* [EXERCISE PROMPT]
Below are entries; repeat exactly, and nothing else, the lines from the one holding "GE SurgePro 6-Outlet" through the one holding "iPhone 8 Plus Gold UNLOCKED FOR ANY CARRIER!", inclusive. Leave the pictures out.

* [RAW DATA]
---------------

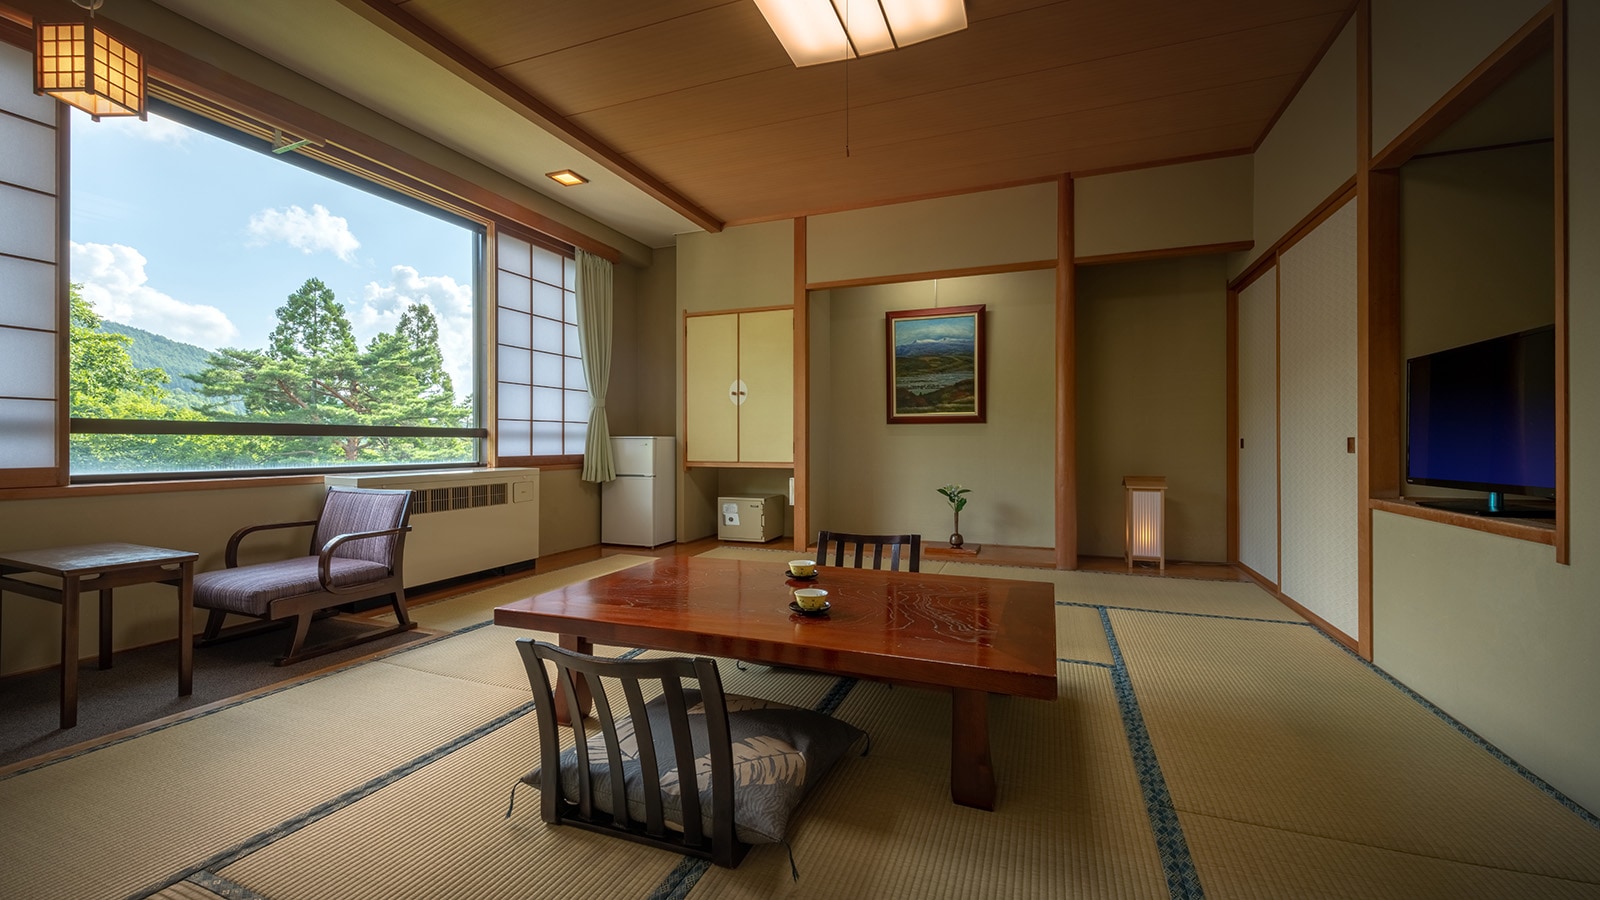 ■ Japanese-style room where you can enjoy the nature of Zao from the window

---------------

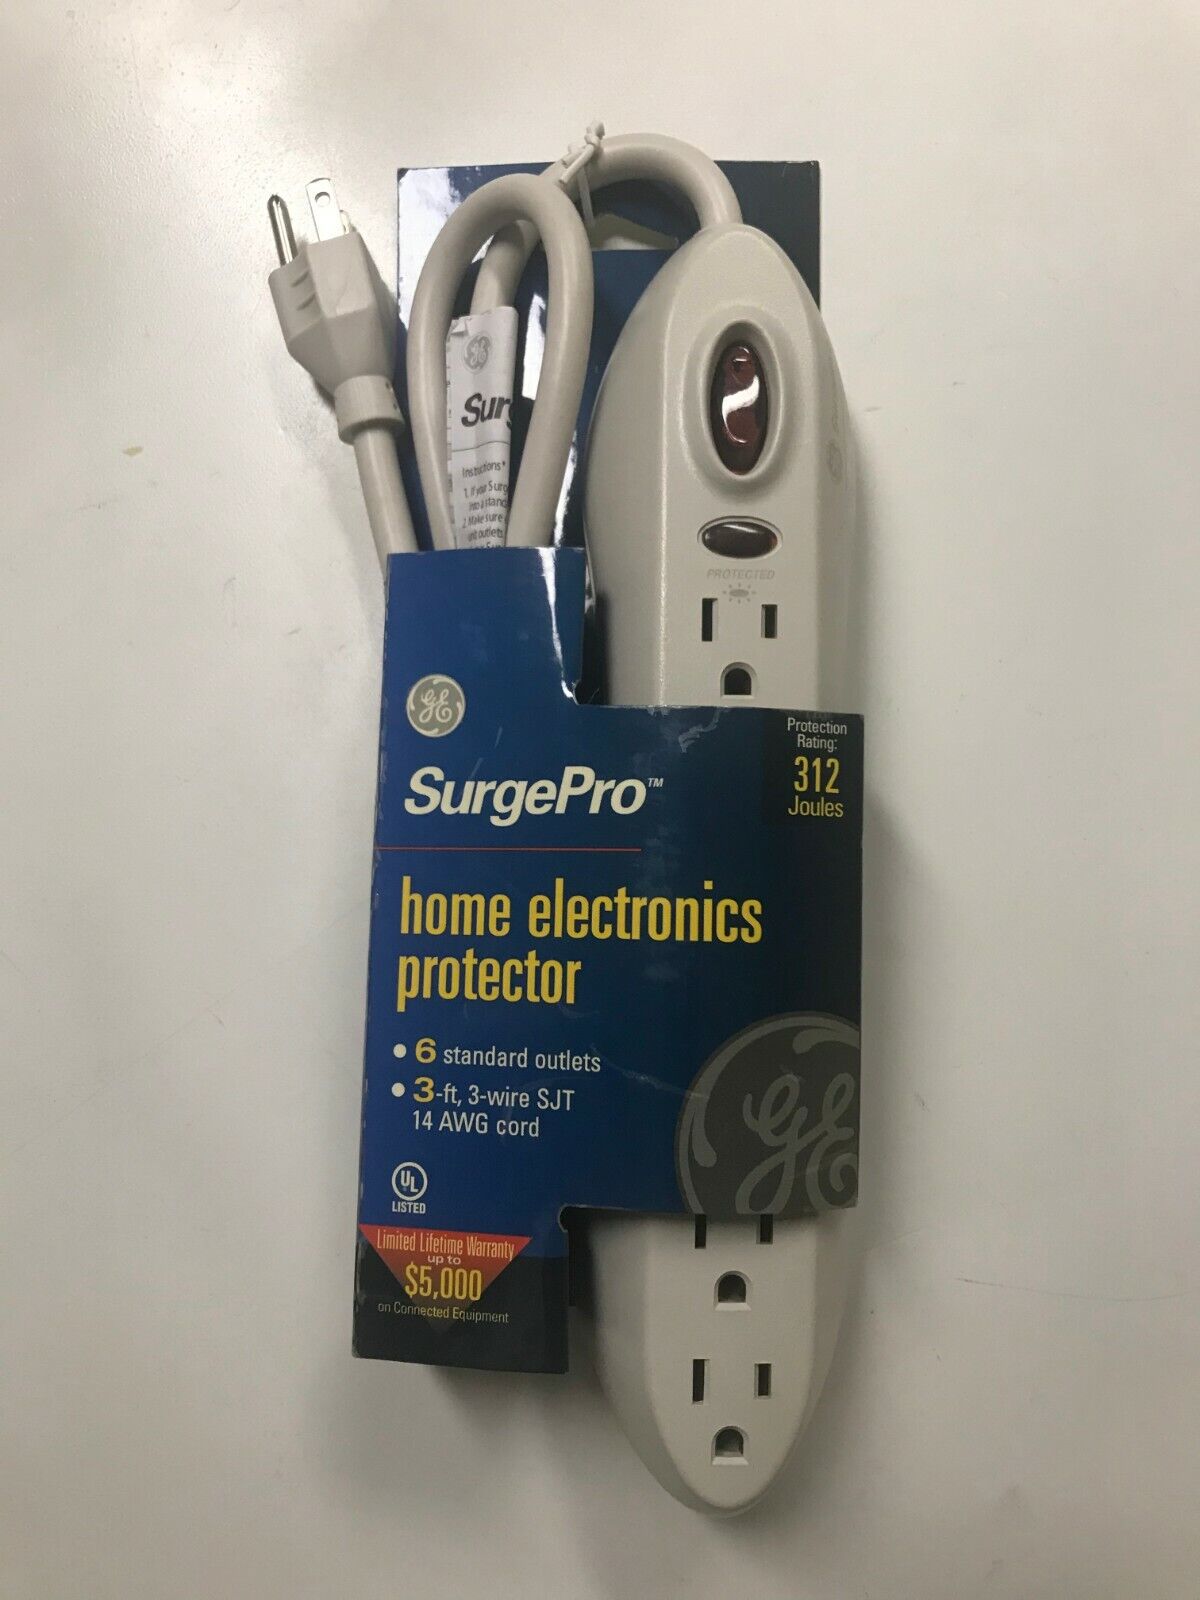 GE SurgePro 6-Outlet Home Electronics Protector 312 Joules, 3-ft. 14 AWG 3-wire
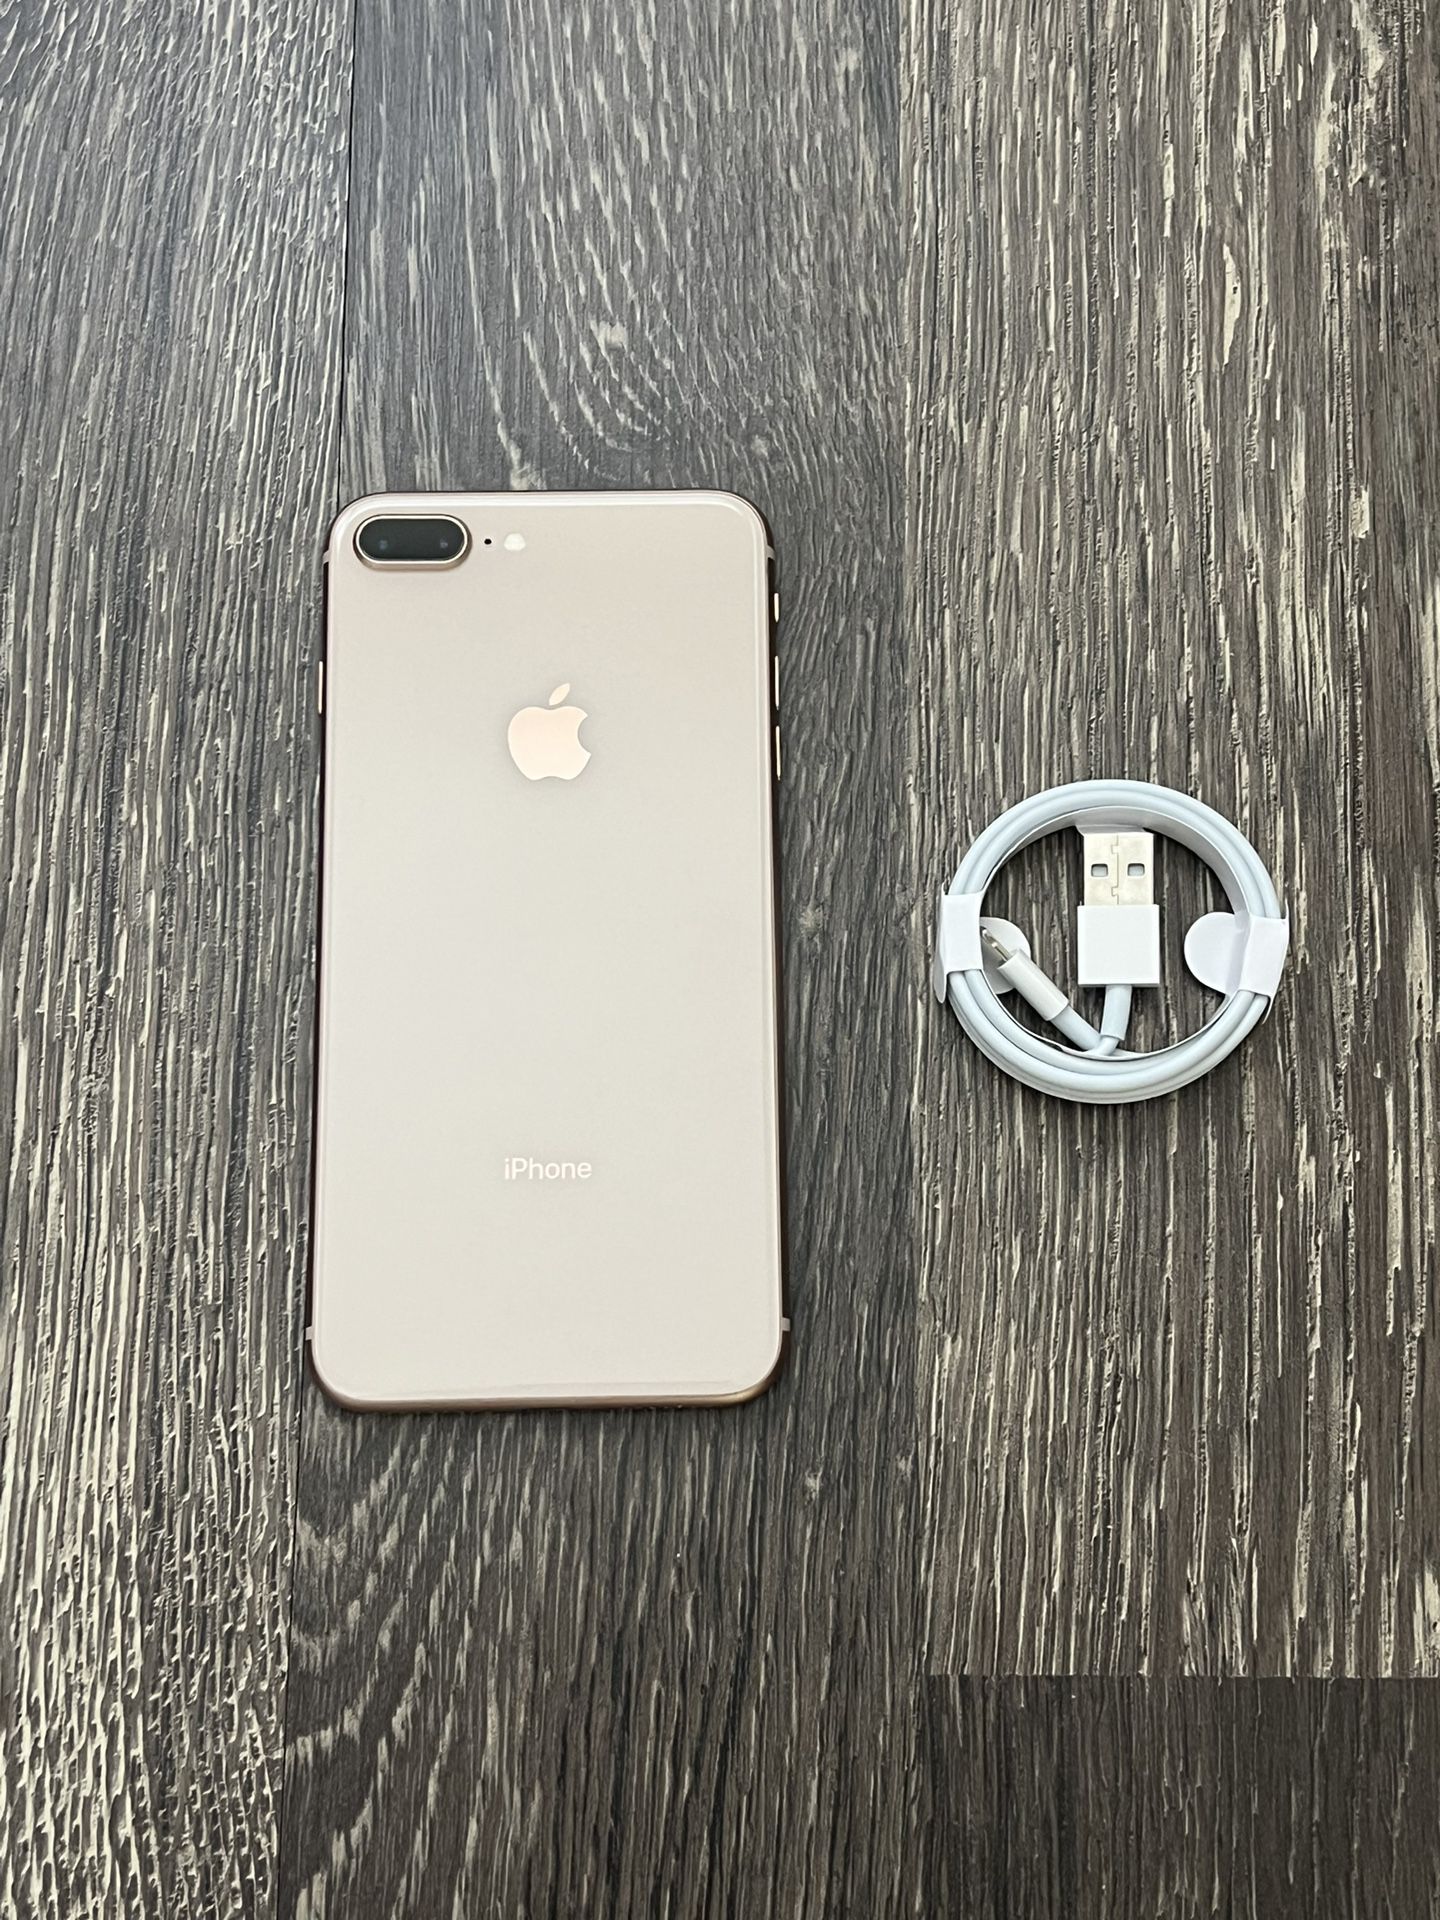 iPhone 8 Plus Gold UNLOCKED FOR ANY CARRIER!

---------------

* [EXERCISE RESPONSE]
 GE SurgePro 6-Outlet Home Electronics Protector 312 Joules, 3-ft. 14 AWG 3-wire
 iPhone 8 Plus Gold UNLOCKED FOR ANY CARRIER!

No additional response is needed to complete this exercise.